Claire Fox

My fears about the ‘new normal’

My fears about the 'new normal'
Getty images
Text settings
Comments

Perhaps there’s light at the end of the long lockdown tunnel. The roadmap at least allows hope that life might get back to normal. For me, normal means freedom to live life as we choose, from cramming into packed planes to go on holiday to crowding into pubs for birthday parties. However, even saying that can lead to gasps of incredulity. Normal? No way! Too risky.

It has become fashionable to now aspire to the ‘new normal’. That ‘new normal’ very often accepts, with a resigned fatalism, that a range of everyday, ‘normal’ freedoms will need to be curtailed. More worryingly, if you argue that freedom is one key reason for ending the lockdown sooner rather than later, you are increasingly dismissed as indulgent, selfish, irresponsible, unrealistic. Most crudely, the response is: 'What’s the point of freedom if you’re dead?' The more generous say: 'Your freedom could kill my granny.' Freedom has been downgraded from a foundation-stone of democratic society to a life-threatening, dispensable luxury.

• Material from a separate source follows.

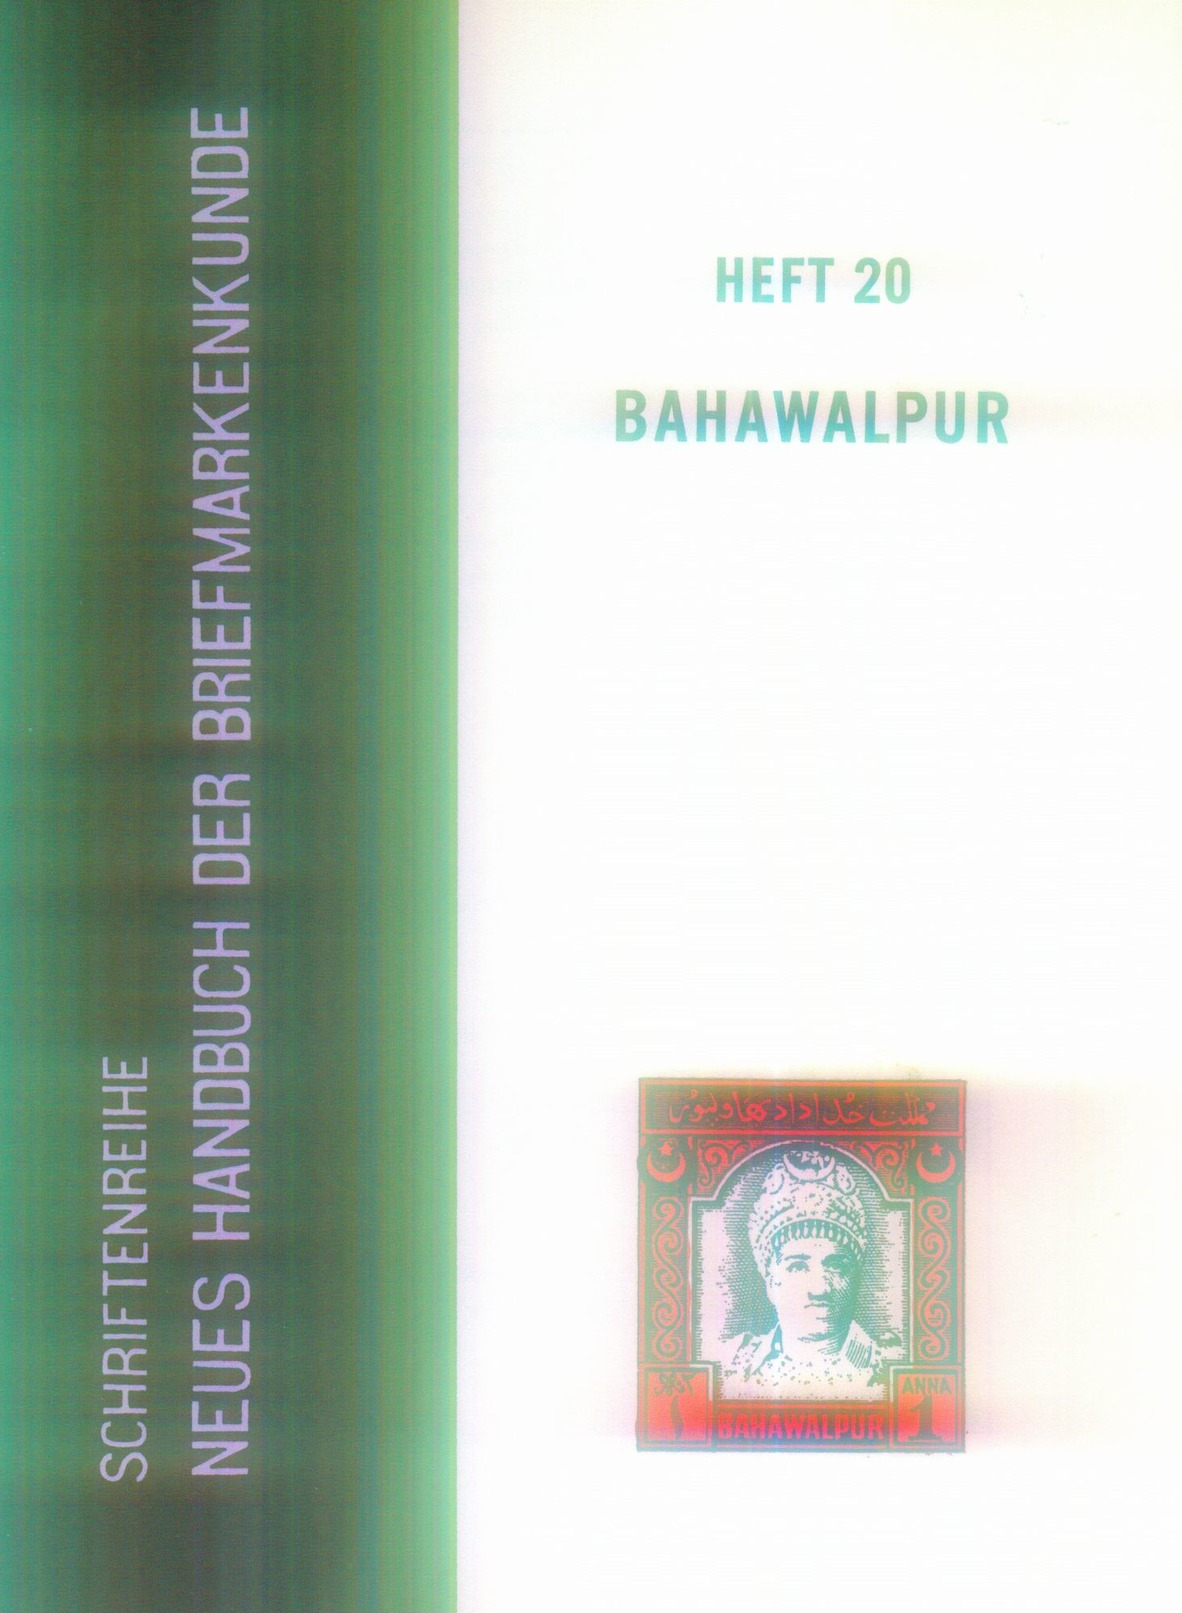 Bahawalpur British Indien  Heft 20 Neues Handbuch Für Briefmarkenkunde - Handbücher

This is not reducible to whether you are in the increasingly polarised pro- or anti-lockdown tribes. There were good-faith reasons to resort to extraordinary measures when confronting an unknown global pandemic. Most of us consented to the lockdown, even if reluctantly. However, that consent – freely given as an act of social solidarity – was not intended as a green light to giving up hard-won liberties, or a perpetual suspension of free society.

I have no truck with the faintly conspiratorial argument that international governments are gleeful about a public-health emergency to enact authoritarian measures. But I’m still shocked by the ease with which the most radical commentators – often those who pose as champions of rights – were some of the most ardent in offering up freedom on the altar of public health, demanding ever more stringent measures. Take for example Paul Mason, who in March described 'Johnson's failure to enact a lockdown' as 'bordering on criminal negligence'. Compulsion and 'crowd control' were advocated rather than judgement. He tweeted that 'it's no use railing at people going out when you're not prepared to stop them'. 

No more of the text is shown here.